Classique

Gautier Capuçon, le violoncelle fauve

A bientôt 38 ans, le violoncelliste français partage sa vie entre les concerts et l’enseignement à la Fondation Louis Vuitton de Paris. Rencontre en amont de son concert avec l’Orchestre philharmonique de Radio France, samedi prochain, à Gstaad

Il tient une classe de violoncelle à la Fondation Louis Vuitton de Paris – une «classe d’excellence», excusez du peu! Il joue magnifiquement de son instrument Goffriller et c’est une star parmi les violoncellistes.
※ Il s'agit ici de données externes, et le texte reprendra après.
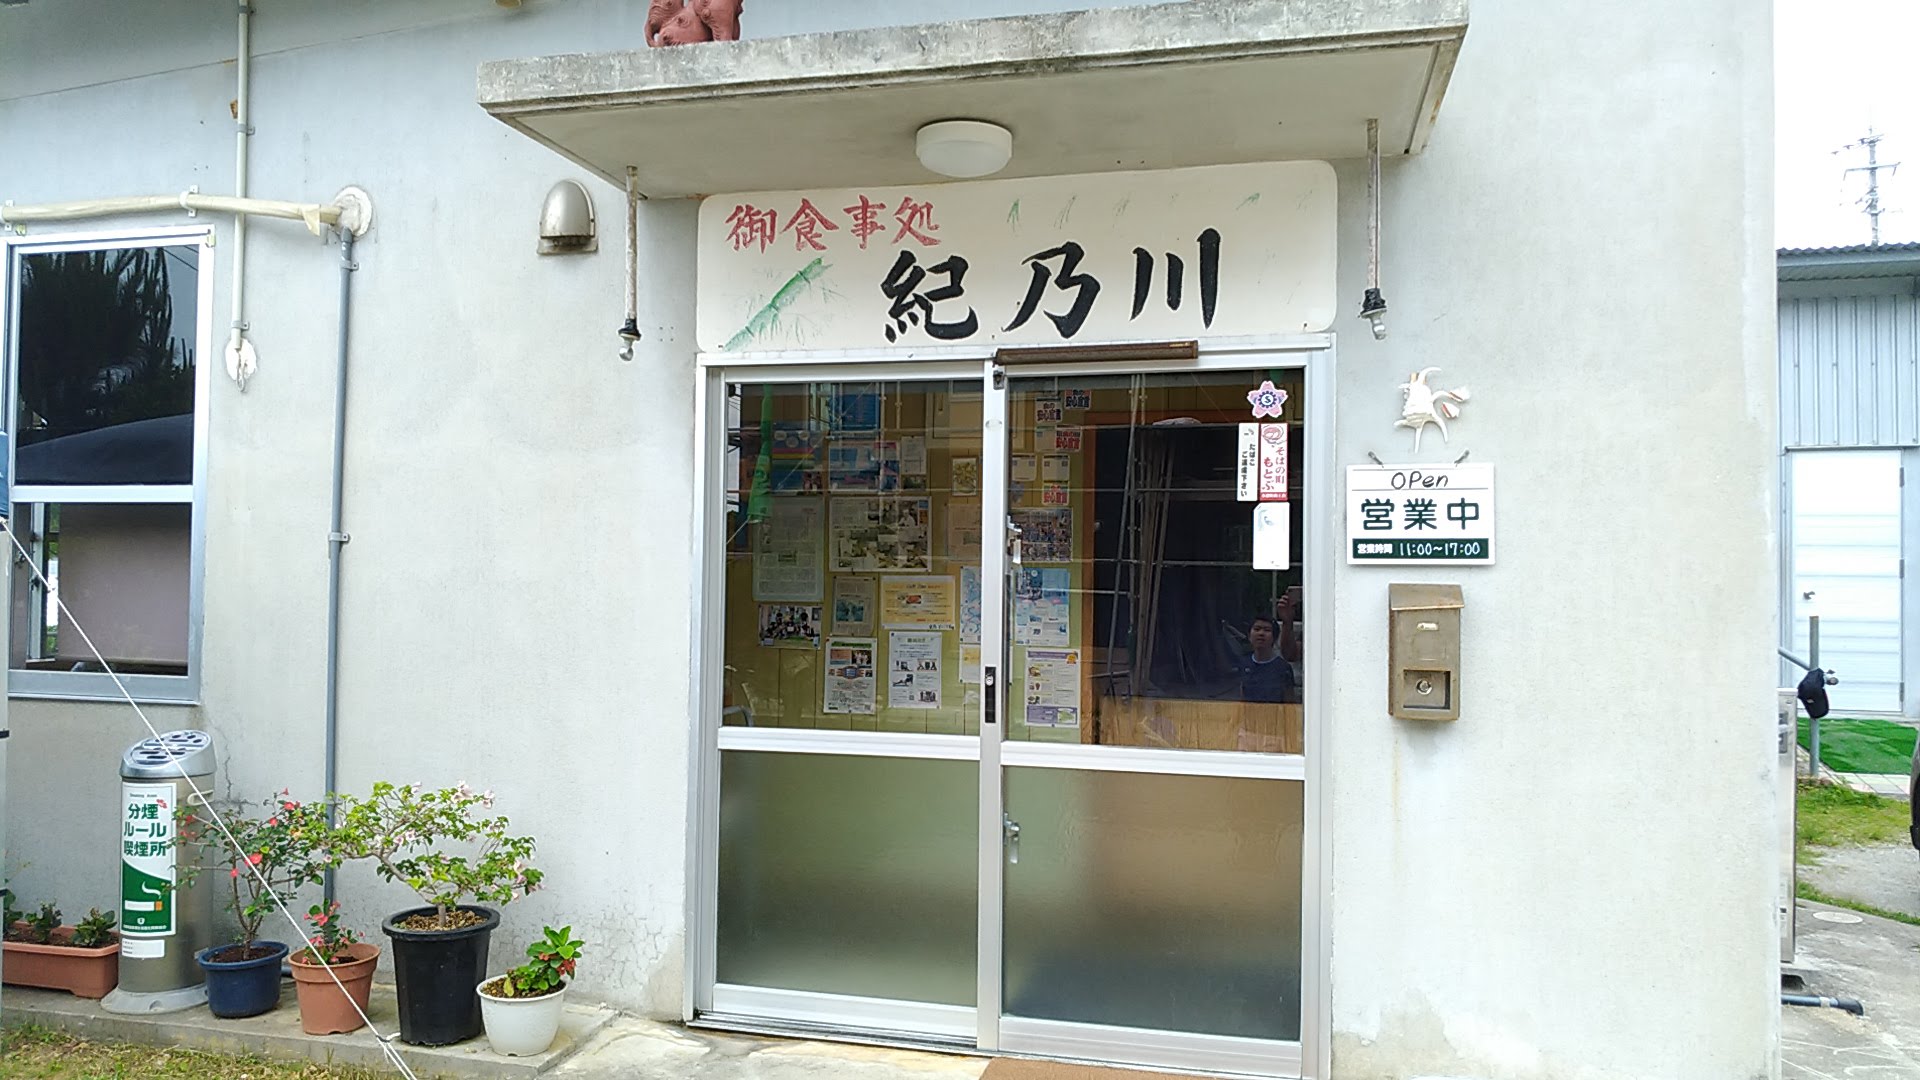 The hidden restaurant Kinokawa in Motobu town, Tonkatsu and Okinawa soba are delicious!

Frère cadet du violoniste Renaud, Gautier Capuçon mène une carrière planétaire depuis une quinzaine d’années. Il vient de passer l’été à sillonner les festivals des Etats-Unis (Tanglewood, Ravinia, Blossom, Sun Valley…) avec les grands orchestres américains (Boston et Chicago Symphony) ainsi que le pianiste Jean-Yves Thibaudet. Son jeu félin, fauve, sied à la musique de Saint-Saëns, qu’il jouera samedi prochain au Gstaad Menuhin Festival avec Mikko Franck et l’Orchestre philharmonique de Radio France.
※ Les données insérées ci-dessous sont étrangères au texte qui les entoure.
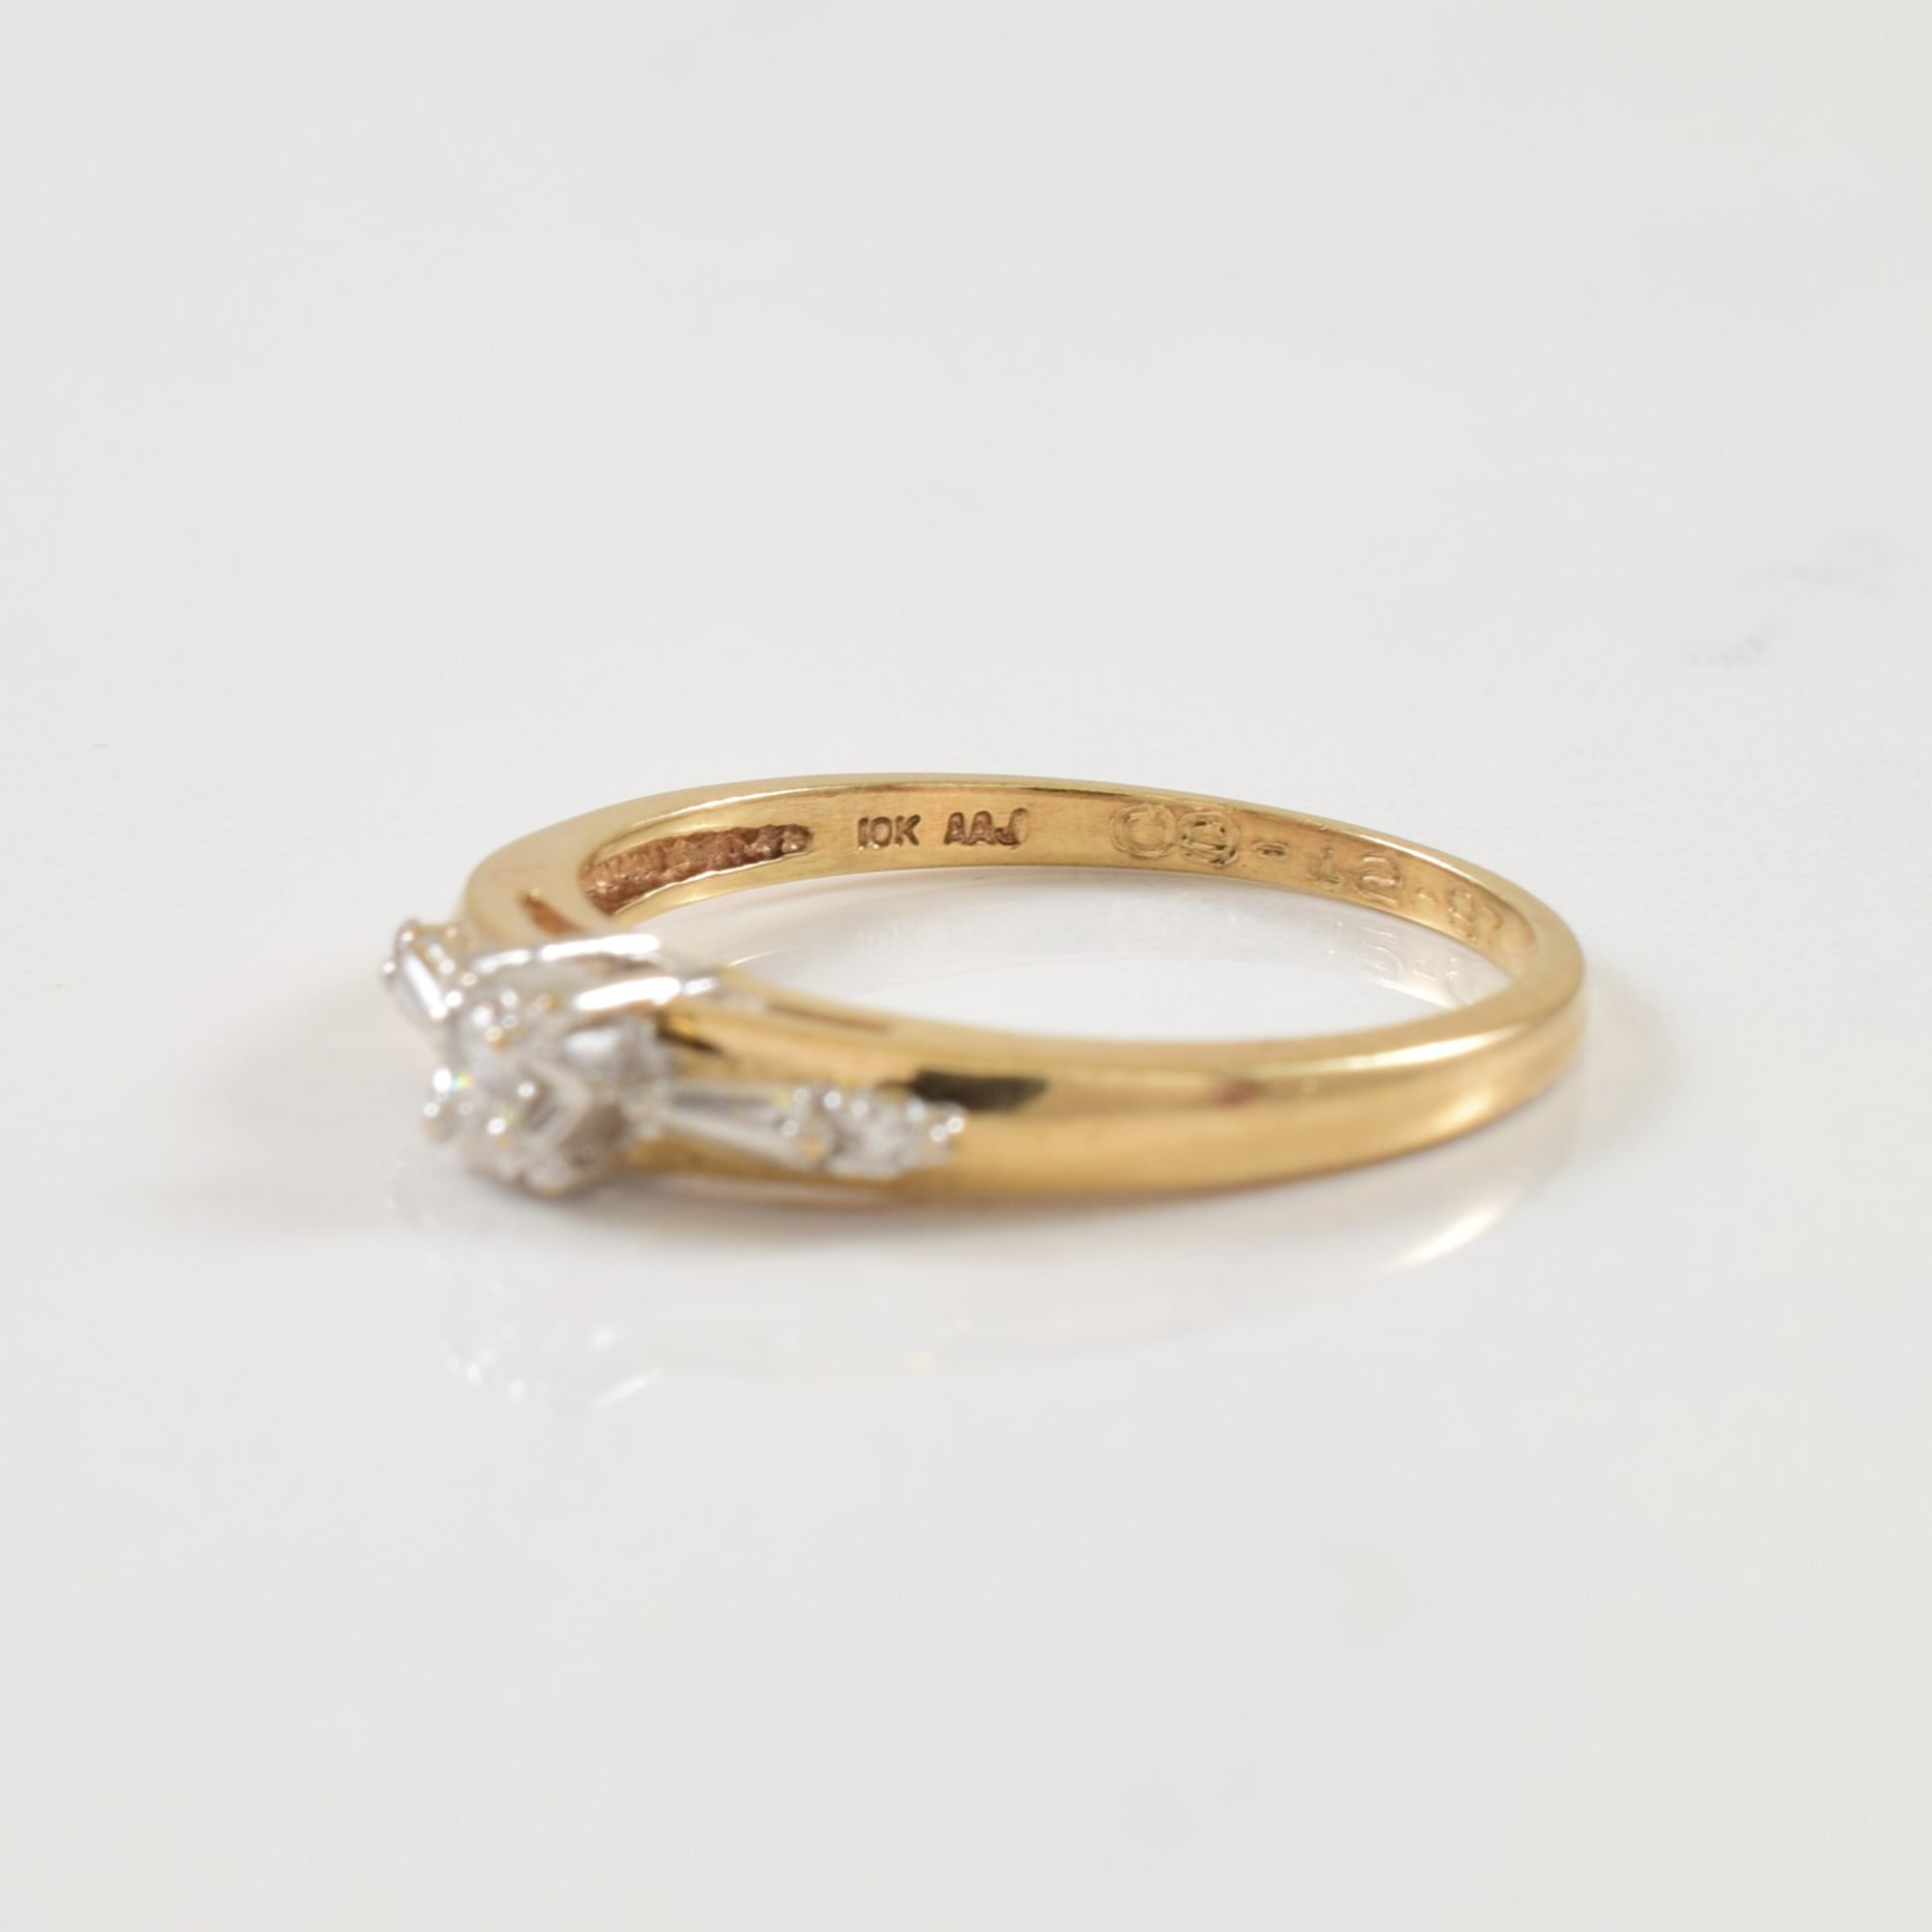 Diamond Cathedral Ring | 0.07ctw | SZ 7.75 |

Né à Chambéry, en Haute-Savoie, amoureux du ski comme de la musique, ce père de deux jeunes filles, chaleureux et impétueux, a fait son bonhomme de chemin en passant par les classes de Philippe Muller à Paris et du regretté Heinrich Schiff à Vienne. Avec Schiff, c’étaient des cours concentrés sur cinq journées, de sept à huit heures non-stop, couronnés de soirées où ils cuisinaient ensemble ou allaient au concert. S’associant à des partenaires de premier choix (Yuja Wang, Nicholas Angelich, Frank Braley…), il partage sa vie entre une carrière de soliste et de chambriste. «Je me sens épanoui, dit-il, d’une voix apaisée. Il y a tellement de choses que j’ai envie de faire que j’ai l’impression de n’être qu’au début de ma carrière! La route est longue encore.»